== EXERCISE DATA ==

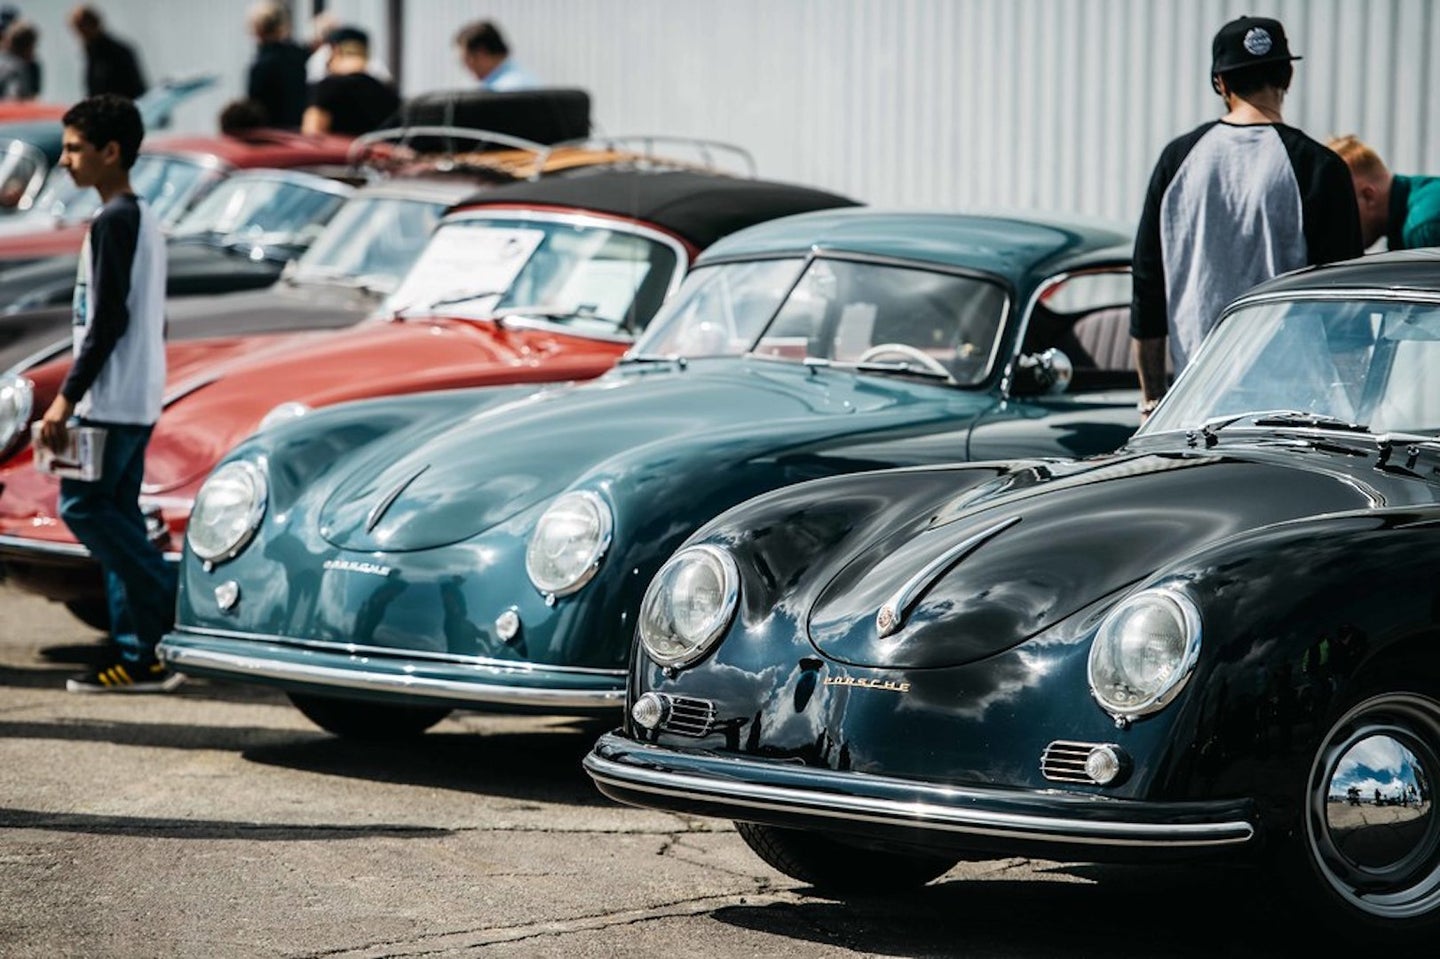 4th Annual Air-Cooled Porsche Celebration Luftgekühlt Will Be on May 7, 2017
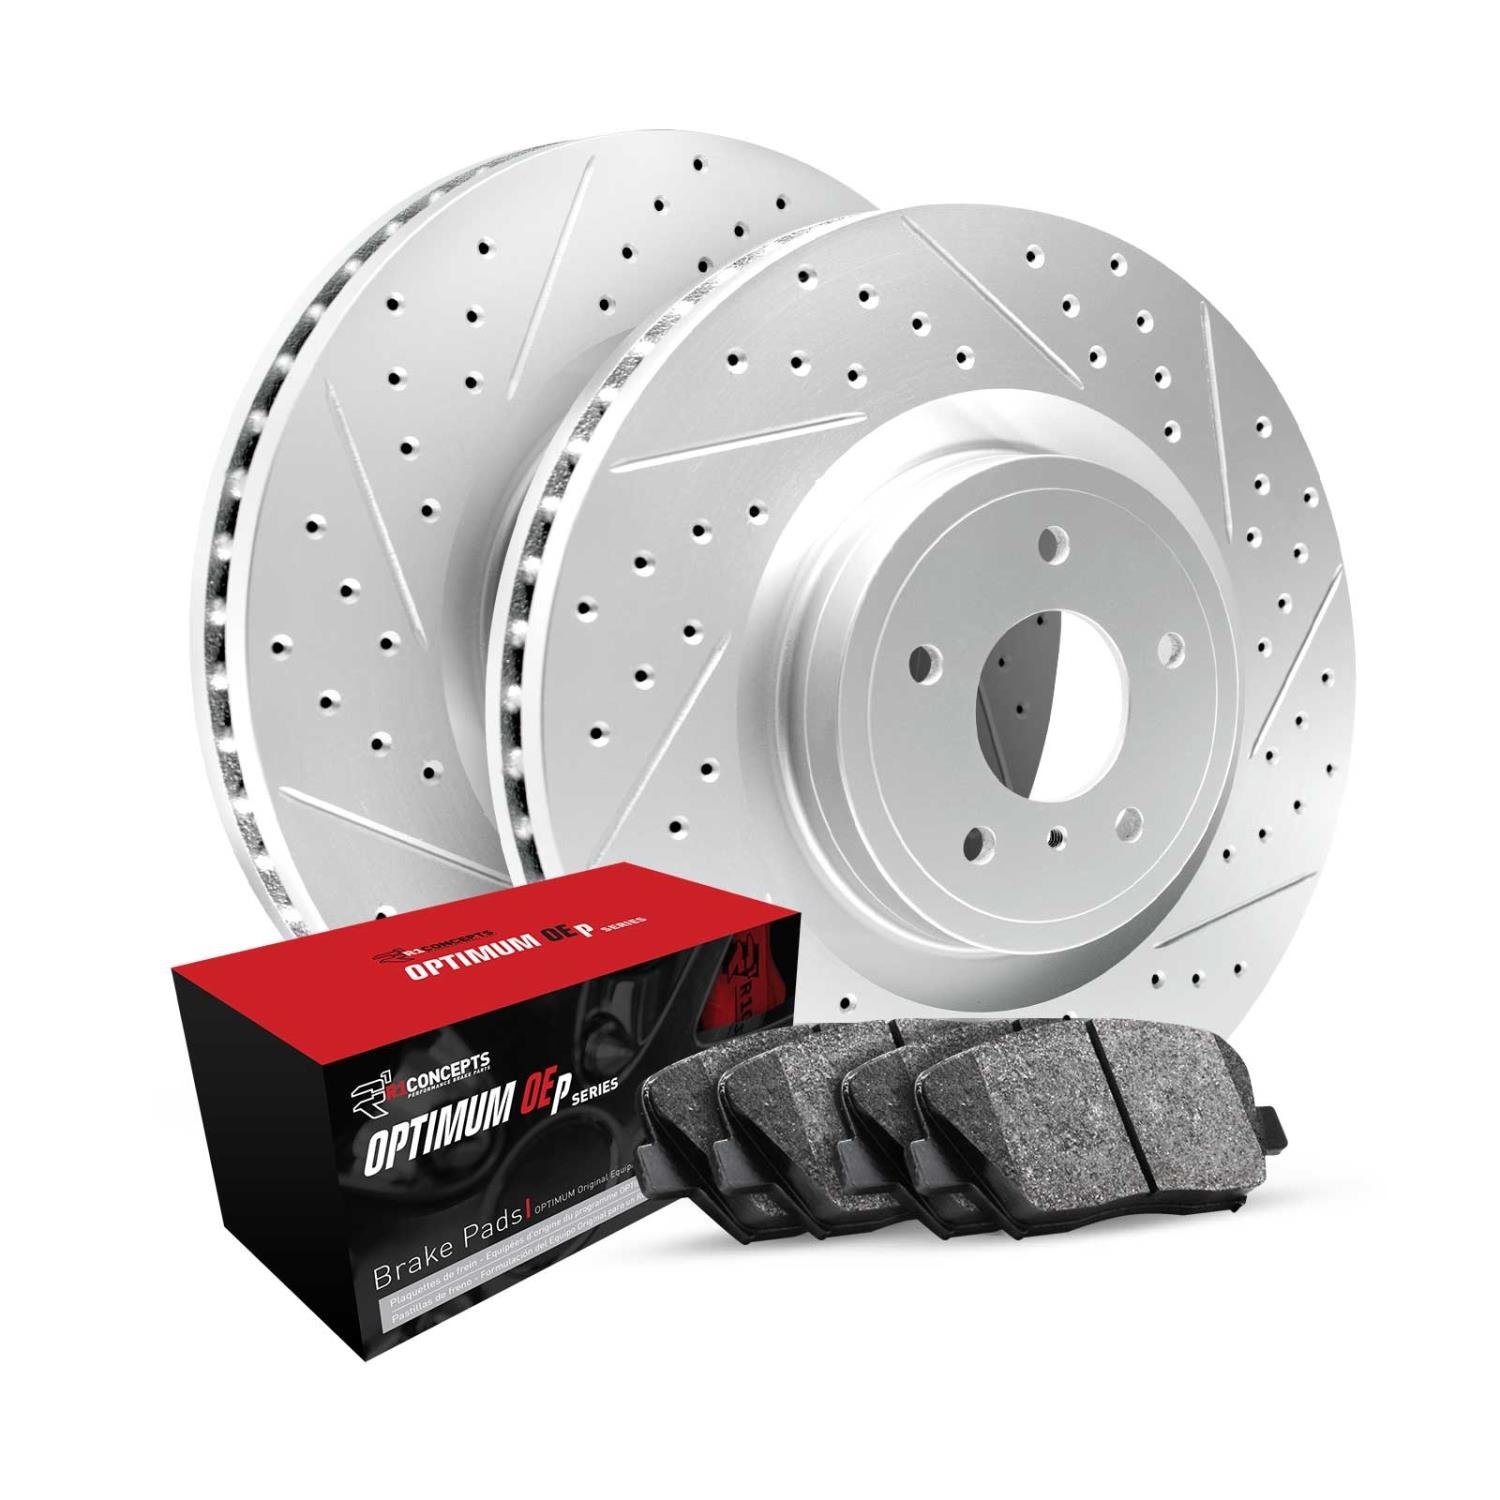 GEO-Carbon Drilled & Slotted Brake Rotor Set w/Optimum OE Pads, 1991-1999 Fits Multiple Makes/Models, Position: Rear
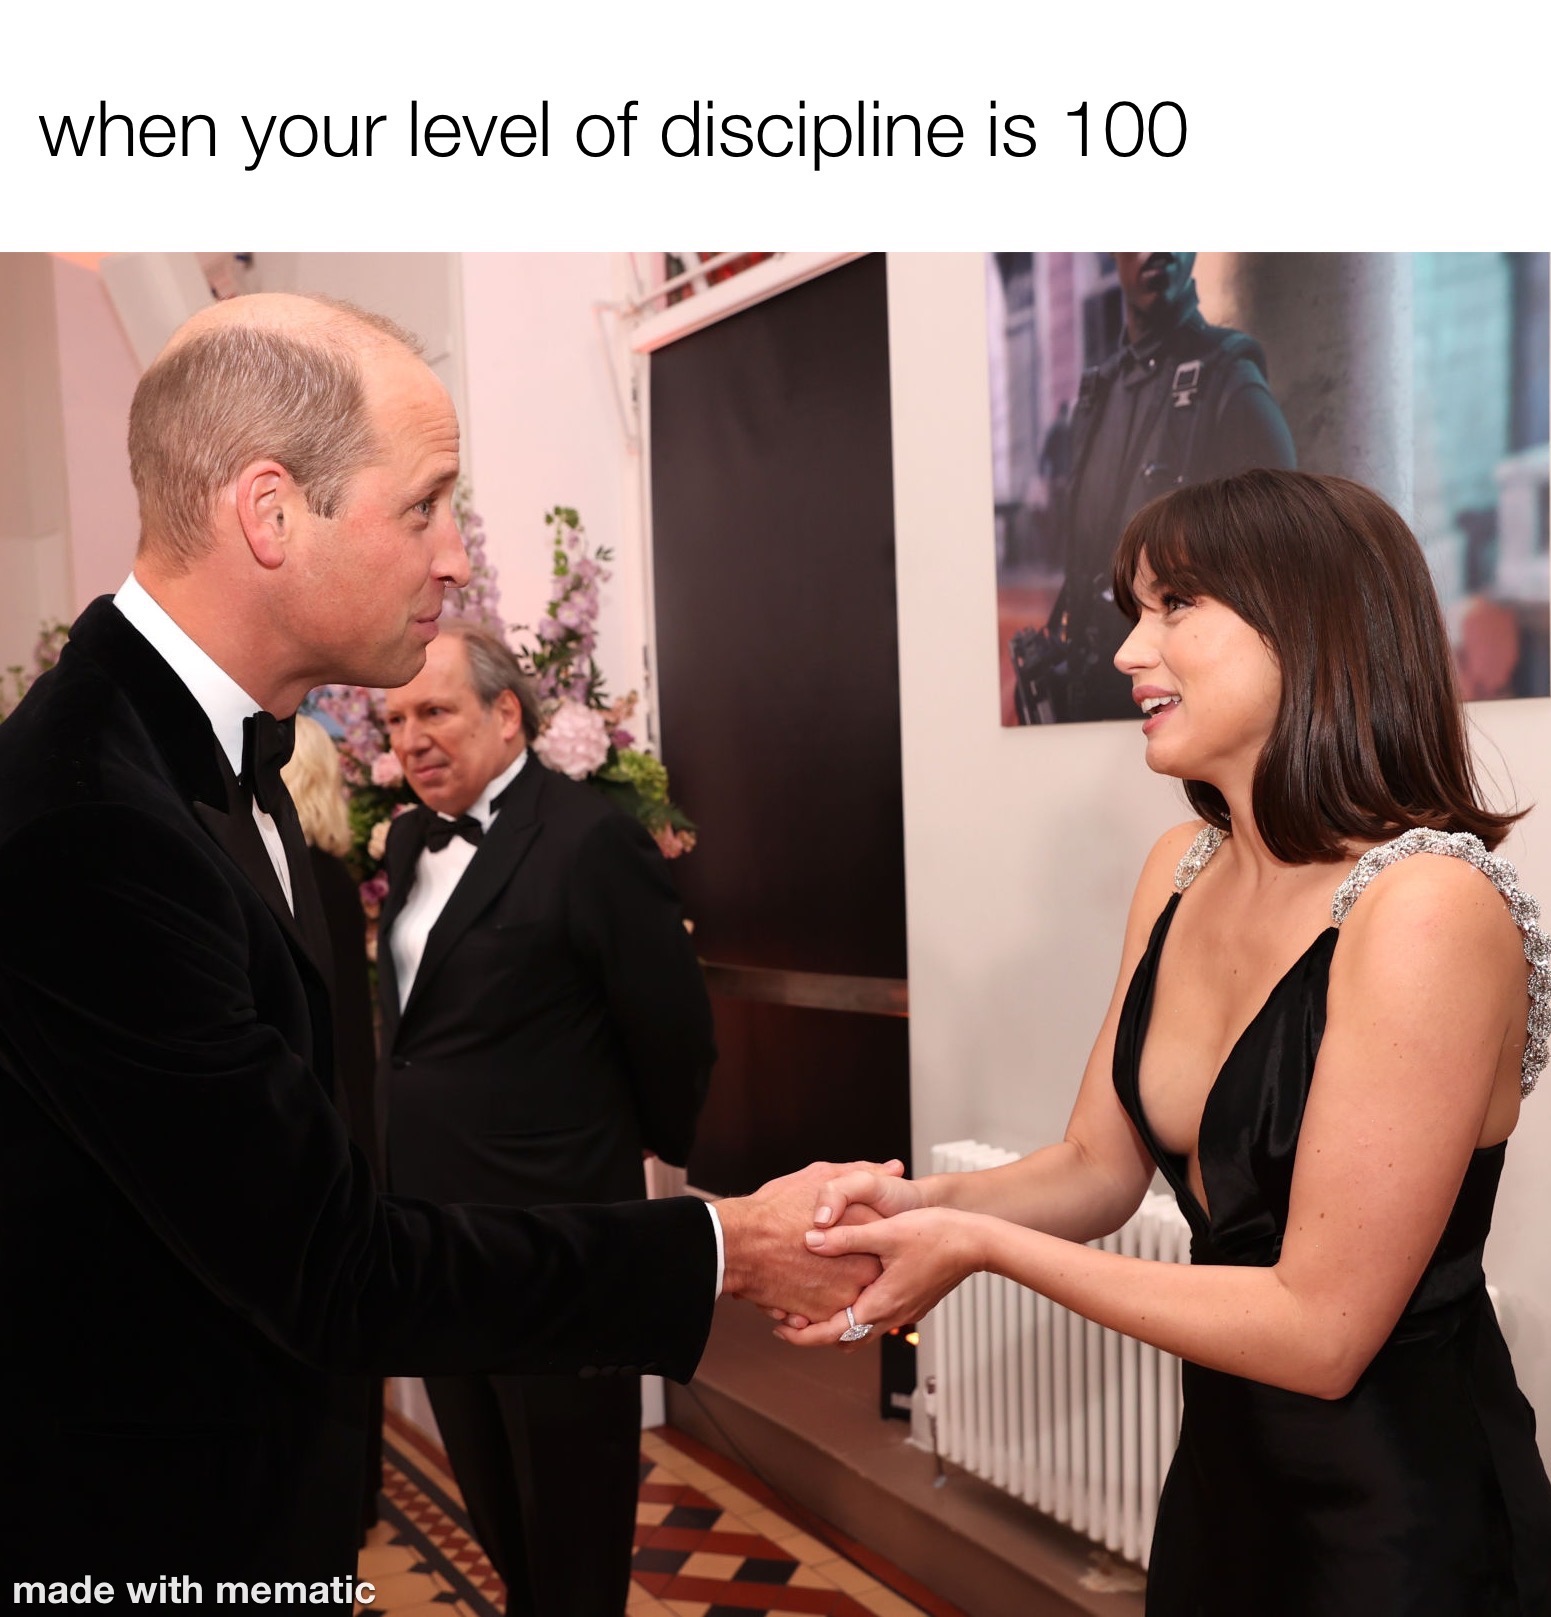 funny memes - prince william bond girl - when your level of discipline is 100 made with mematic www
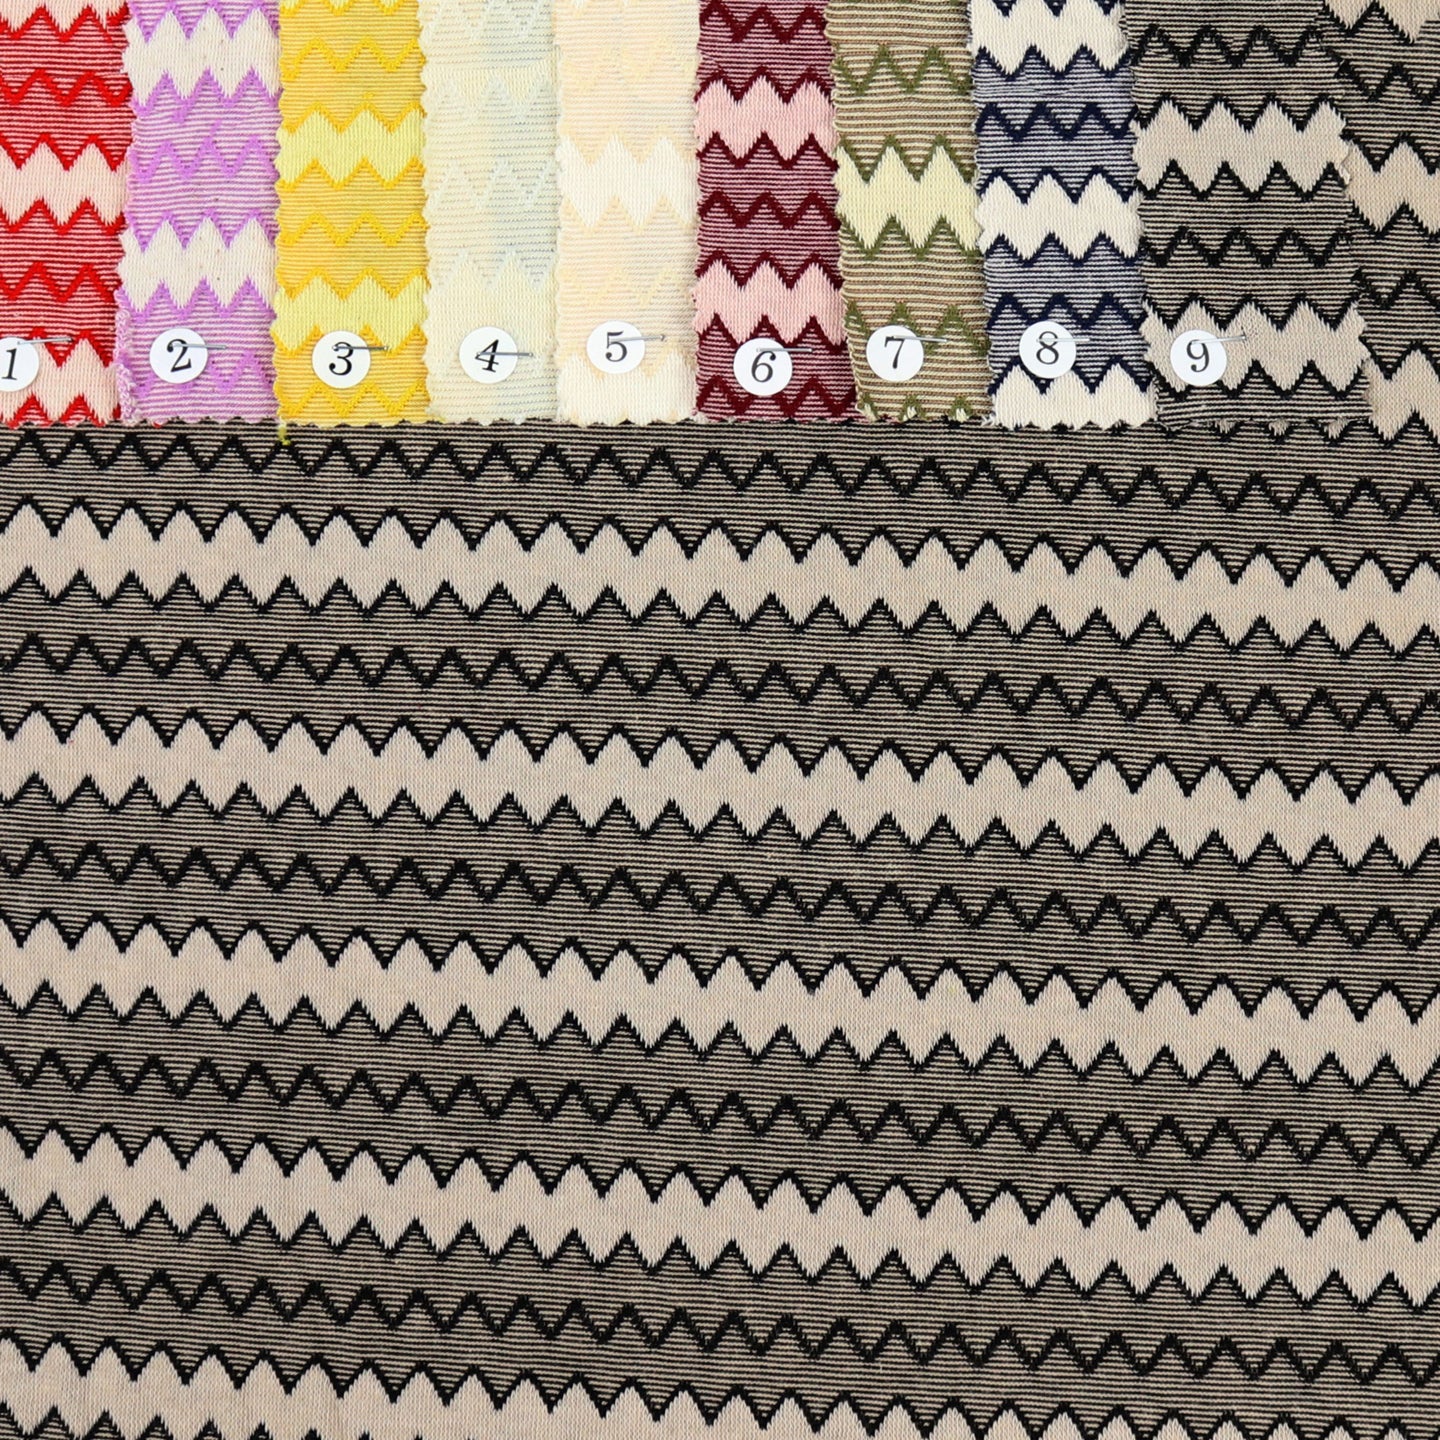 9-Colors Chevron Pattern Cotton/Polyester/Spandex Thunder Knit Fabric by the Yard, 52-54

== WORK TASK ==
In your copy of the listing, please omit the pictures and keep every word exact.

== EXPECTED ANSWER ==
 4th Annual Air-Cooled Porsche Celebration Luftgekühlt Will Be on May 7, 2017
 GEO-Carbon Drilled & Slotted Brake Rotor Set w/Optimum OE Pads, 1991-1999 Fits Multiple Makes/Models, Position: Rear
 funny memes - prince william bond girl - when your level of discipline is 100 made with mematic www
 9-Colors Chevron Pattern Cotton/Polyester/Spandex Thunder Knit Fabric by the Yard, 52-54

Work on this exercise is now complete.